El primer lunes de diciembre, Joss Stone se presentó en una de las salas de ópera más importantes del mundo: el Teatro Colón. En un vestido de seda fucsia, sus pies lucieron descalzos. Empezó el recital con temas slow tempo, ralentizados respecto a sus versiones originales, como “Big Ol' Game”, “Love Me” y “The Look of Love” (cover de Dusty Springfield). Cuando atinó a leer el setlist para ver con qué seguiría, se escucharon gritos desde todos los puntos del venue pidiendo que suenen sus canciones favoritas. Con una pequeña cuota de demagogia, tras escuchar a sus seguidores, le dijo a los músicos: "Olviden el setlist, vamos con Drive all Night". De esta forma y junto a los riffs de guitarra que sobresalieron en Karma, el show subió de tono, el público se puso de pie y empezó una segunda parte más bailable del show.

Stone contó unas cuantas historias personales antes de cada canción. Cuando hablaba con el público o con la gente del staff, lo hizo cantando cual musical de Disney, algo que después de casi dos horas de show se tornó un tanto empalagoso. Para ser justos, también sacó su lado rebelde cuando pidió "romper las reglas", propuso levantarse de las butacas del Colón para acercarse al escenario, cantar a todo volumen, e incluso habló sobre marihuana.

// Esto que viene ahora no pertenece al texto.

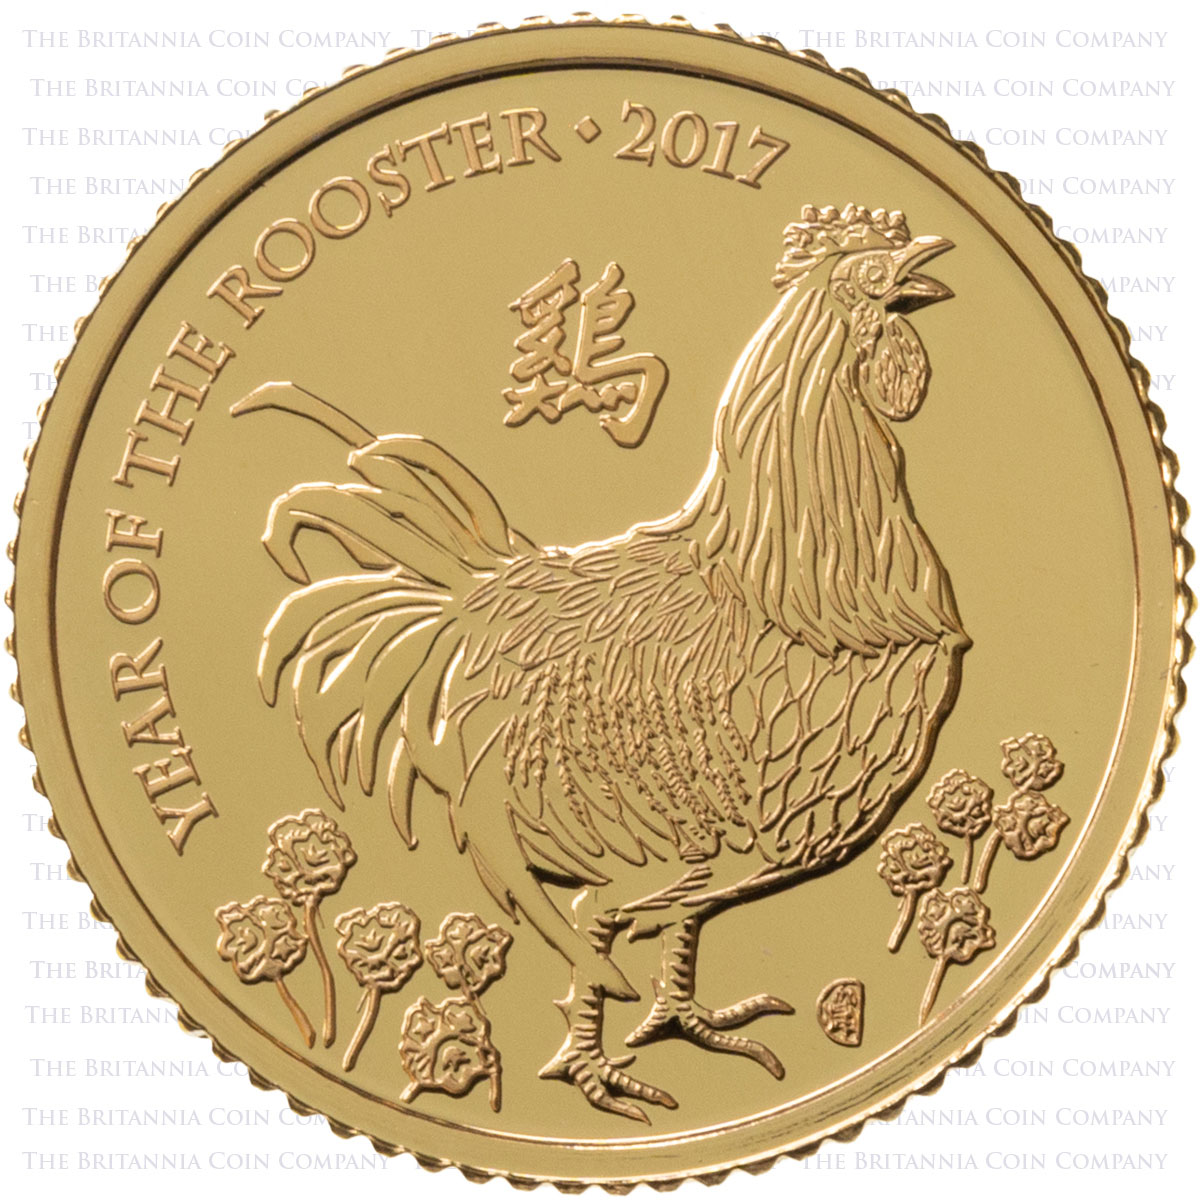 UKR17GT 2017 Lunar Year Of The Rooster Tenth Ounce Gold Brilliant Uncirculated Coin Reverse

“Si subimos el volumen nos echan… ¡Probemos!”, exclamó Joss mientras sonaba de fondo la base de “(For God's Sake) Give More Power To The People”. Con un tono irónico y suspicaz, destacó que hacía unos pocos días presidentes importantes de todo el mundo estuvieron en ese mismo lugar (haciendo mención a la gala que se llevó a cabo el viernes pasado en el Teatro Colón, en el marco del G20). Entonces, le dedicó la canción a Theresa May, Trump y Trudeau.

“Sería injusto no darles esta canción; no puedo irme sin cantar ‘Right to be Wrong’”, dijo en voz baja, e interpretó la canción mitad a capela, mitad con banda. Tiró ramos de flores al público y se despidió durante diez minutos; se mostró agradecida y anonadada por la majestuosidad del teatro.